» What to produce: Please copy exactly every line from the one that contains "手机主板上的芯片金属屏蔽罩有一边脱落了,这会影响手机芯片运作吗" to the end of the data below, with both ends included and no other lines.

Stored entries:
^^^^^^^^

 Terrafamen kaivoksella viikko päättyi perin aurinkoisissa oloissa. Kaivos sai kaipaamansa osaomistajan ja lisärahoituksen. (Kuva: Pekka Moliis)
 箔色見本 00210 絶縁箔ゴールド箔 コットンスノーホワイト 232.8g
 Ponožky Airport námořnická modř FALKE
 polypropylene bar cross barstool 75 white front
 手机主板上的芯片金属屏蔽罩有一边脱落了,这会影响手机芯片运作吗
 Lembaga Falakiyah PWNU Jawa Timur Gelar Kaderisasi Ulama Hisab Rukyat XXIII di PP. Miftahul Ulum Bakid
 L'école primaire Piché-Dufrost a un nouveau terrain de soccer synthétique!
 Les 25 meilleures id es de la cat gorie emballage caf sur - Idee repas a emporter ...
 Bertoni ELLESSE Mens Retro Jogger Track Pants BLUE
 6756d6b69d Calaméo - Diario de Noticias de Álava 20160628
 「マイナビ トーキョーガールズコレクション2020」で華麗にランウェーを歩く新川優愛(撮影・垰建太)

^^^^^^^^

» Task result:
 手机主板上的芯片金属屏蔽罩有一边脱落了,这会影响手机芯片运作吗
 Lembaga Falakiyah PWNU Jawa Timur Gelar Kaderisasi Ulama Hisab Rukyat XXIII di PP. Miftahul Ulum Bakid
 L'école primaire Piché-Dufrost a un nouveau terrain de soccer synthétique!
 Les 25 meilleures id es de la cat gorie emballage caf sur - Idee repas a emporter ...
 Bertoni ELLESSE Mens Retro Jogger Track Pants BLUE
 6756d6b69d Calaméo - Diario de Noticias de Álava 20160628
 「マイナビ トーキョーガールズコレクション2020」で華麗にランウェーを歩く新川優愛(撮影・垰建太)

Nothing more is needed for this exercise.